Amazon's spokesperson confirmed in an email to Business Insider that third-party sellers who use Amazon's warehouses to store their products will be able to resume sending in all non-essential items later this week. There will be limits to how many products per item the sellers can ship in, but the idea is to lift the restrictions imposed last month, the spokesperson said.
"Later this week, we will allow more products into our fulfillment centers," Amazon's spokesperson said. "Products will be limited by quantity to enable us to continue prioritizing products and protecting employees, while also ensuring most selling partners can ship goods into our facilities."
The change signals easing pressure on Amazon's supply chain that were caused by surging demand for essential products, like face masks and toilet paper, amid the coronavirus pandemic.

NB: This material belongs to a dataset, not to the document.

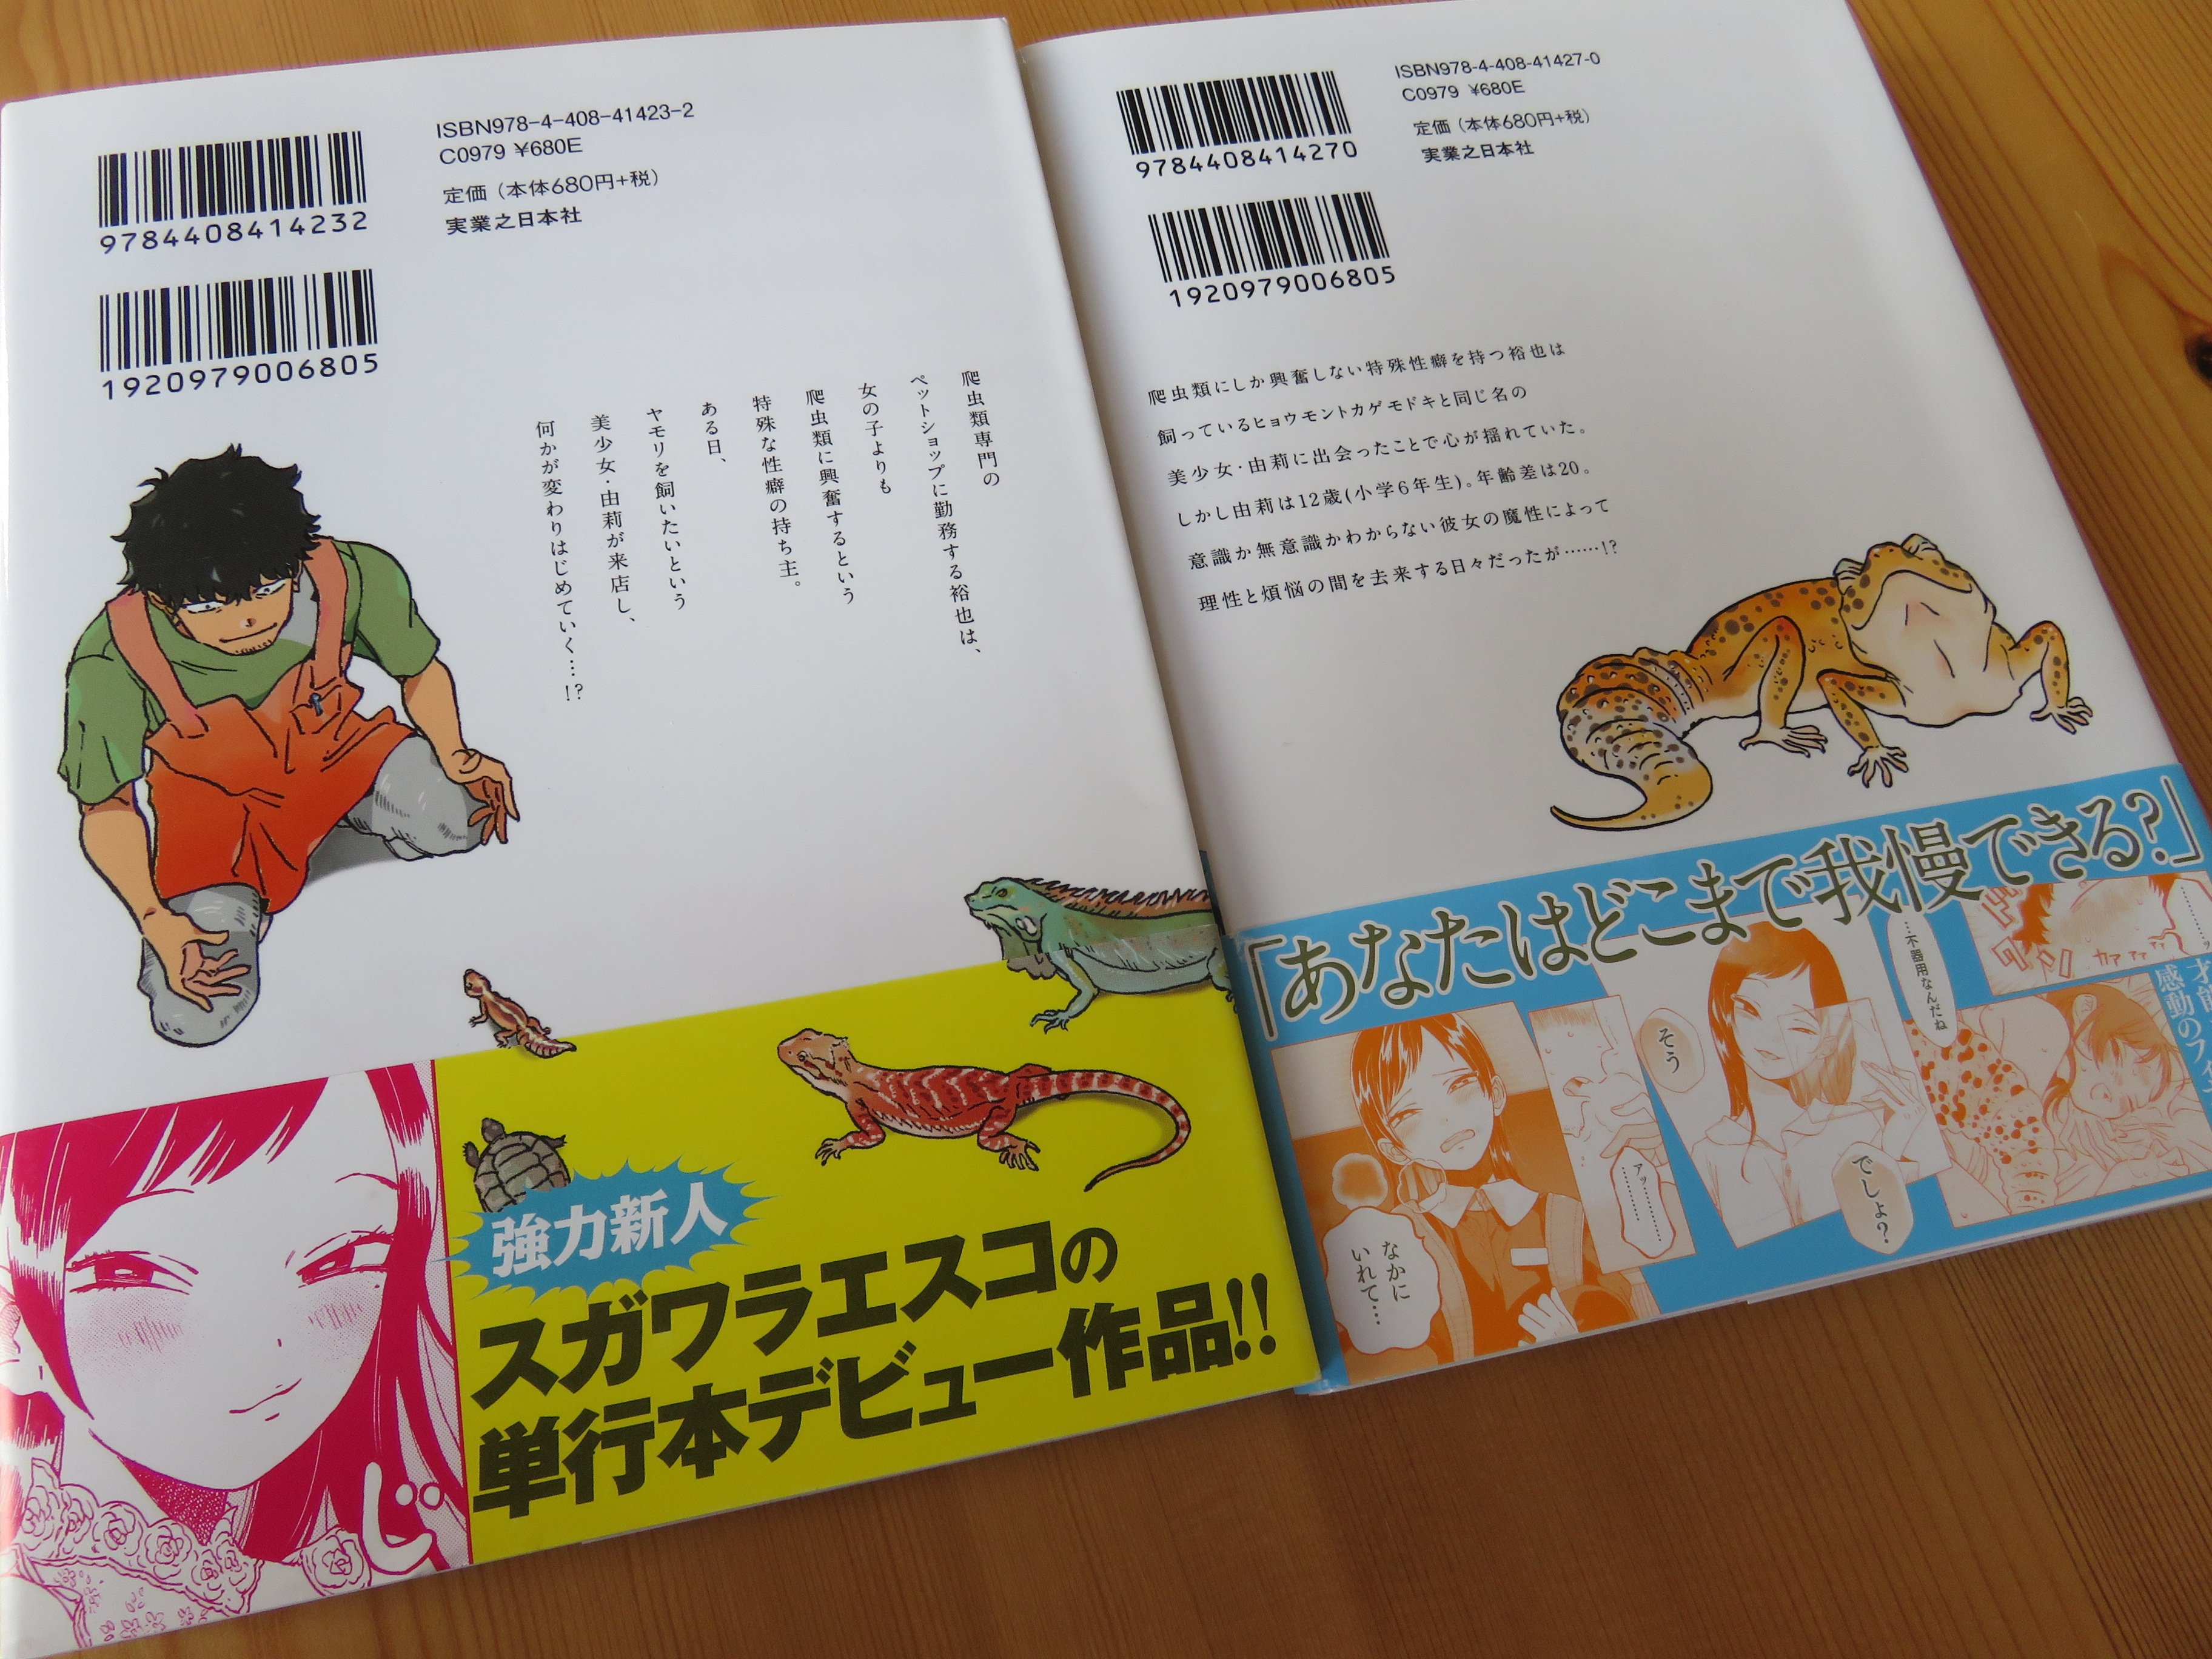 Izu Stomi スガワラ エスコさんの マドンナはガラスケースの中 2巻完結の爬虫類 ラブコメにちょっぴりロリが入った異色作 かなりドキッとするシーンや台詞もありますが 基本はピュアです 個人的にすごく画が好みでストーリーも面白かった 願わくば

On March 17, Amazon announced that it would stop accepting non-essential products to its warehouses, prioritizing high-demand products like medical supplies and household staples. Ten days later, it told sellers that it was expanding the types of products accepted, saying products would be accepted and reviewed on an "item-by-item" basis.
Amazon is still grappling with shipment delays for most products, with some non-essential items taking over a month to arrive for some customers. There's also questions around why Amazon was shipping non-essentials, like sex toys and video games, when there restrictions last month.
To help improve its supply chain, Amazon hired 100,000 new warehouse and delivery workers over the past month. On Monday, Amazon announced that it would hire an additional 75,000 workers in its warehouses.
The Wall Street Journal reported the change earlier Monday.